Archive 04/21/11

 

   

93.5 FM — Easy Listening — Hollywood, Florida

                                                                  

 

As youngsters in the late forties, early and mid-fifties,

Growing all-too-cumbersomely into who we'd become,

Whatever we knew about the gentle, sensual art of romance

Emanated, radiated, rose like steamy heat vapors,

From every square inch of the black-and-white silver screens

We'd see illuminated, weekends on end,

In neighborhood Pageants, Tivolis, Shady Oaks, Esquires, Hi-Pointes,

Films captivating the post-WWII nation

We'd inherit from our nine-to-five, button-down-collar parents,

Who were too invested in the American Dream

To notice us emulating the "risqué," Hays-approved innuendos

Pulsating from closeups of Hollywood's starlets and heartthrobs —

Rita Hayworth, Clark Gable, Dorothy Lamour, Cary Grant,

Barbara Stanwyck, Gregory Peck, Lauren Bacall, Tyrone Power.

 

And even as that era gave way to the airwave-stages of television

(Living rooms aglow with Milton Berle, Sid Caesar, Ed Wynn)
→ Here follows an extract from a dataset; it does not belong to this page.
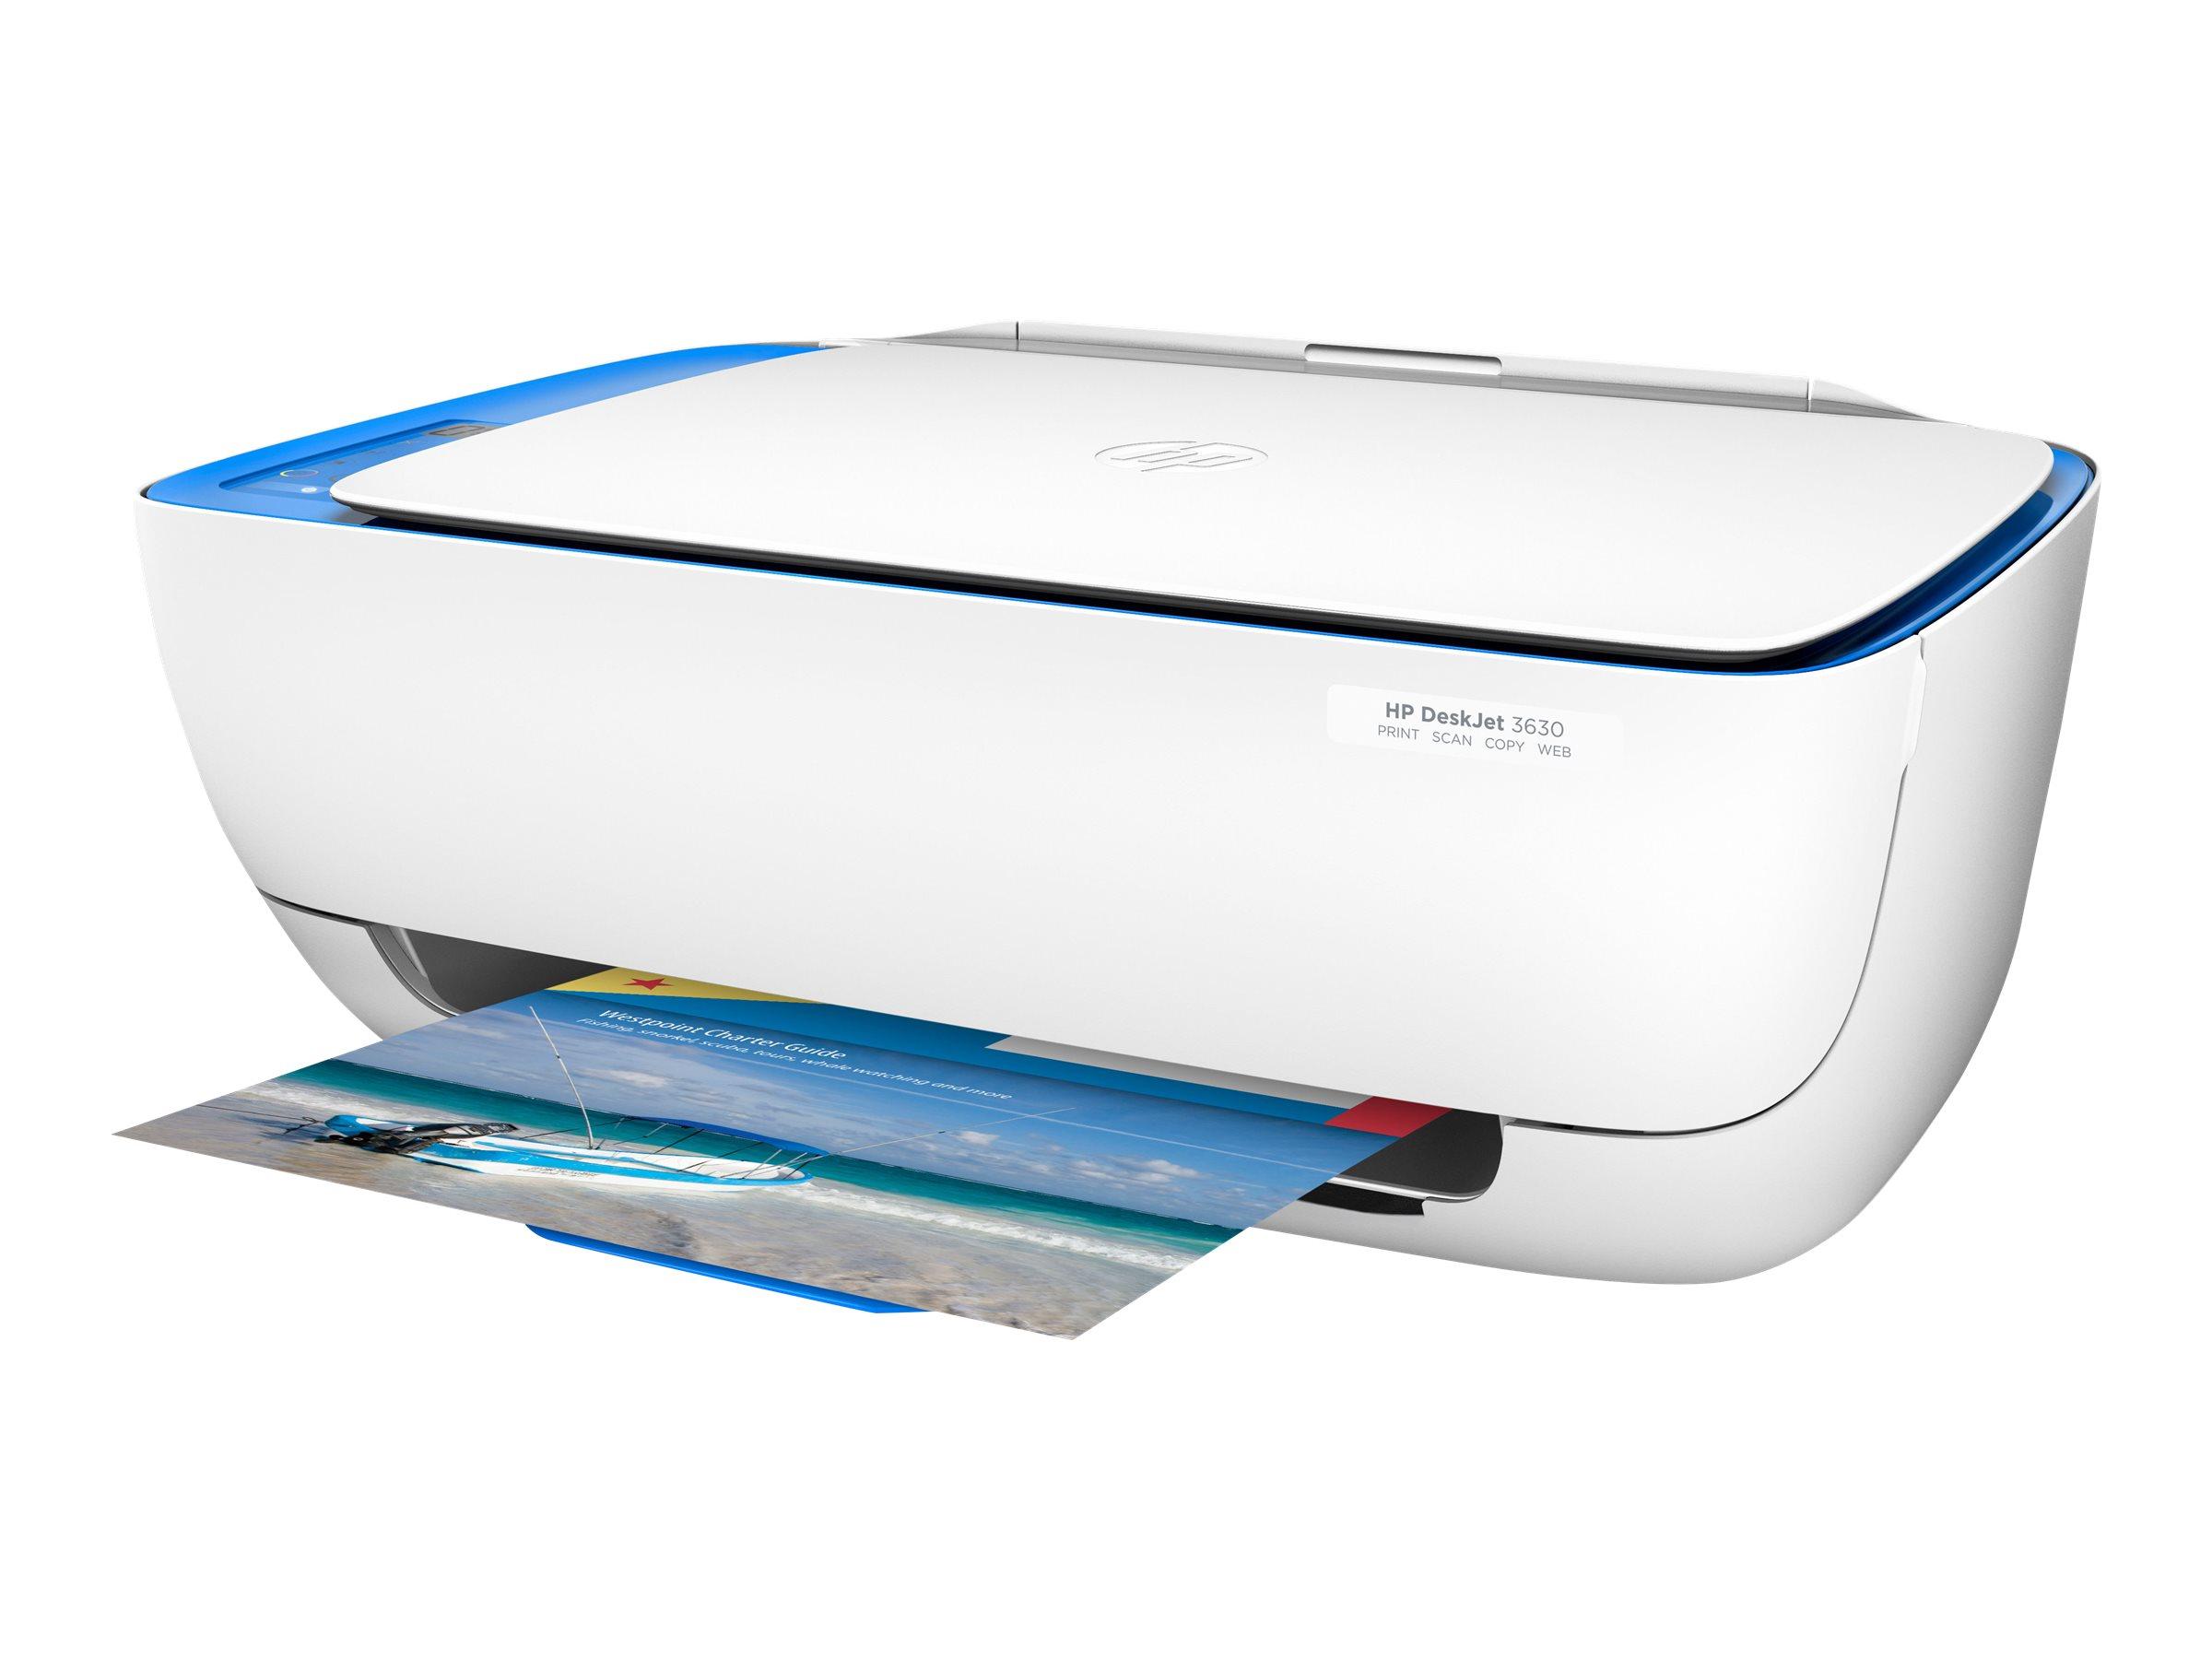 HP Deskjet 3637 All-in-One - Multifunktionsdrucker

And radios trembled and resonated to the gyrations and vibrations

Of Bill Haley and the Comets, Chuck Berry, Elvis Presley...

Even as those "salacious" acts became passé, ancient hat,

With the advent of Haight-Ashbury's acid-laced passions,

Vietnam's Agent Orange/My Lai nightmares,

Nixon's lies and Dubya's Goebbels-like jingoistic propaganda,

We pre-baby-boomers remained fixated in that innocence and naivete,

When everyone swooned to "Earth Angel," "I Only Have Eyes for You,"

"Silhouettes," "In the Still of the Night," "Sunday Kind of Love,"

Believing that "life could be a dream (sh-boom),
If I could take you up in paradise, up above (sh-boom),"

Which, for you and me, Linda, all these long years later, it is indeed.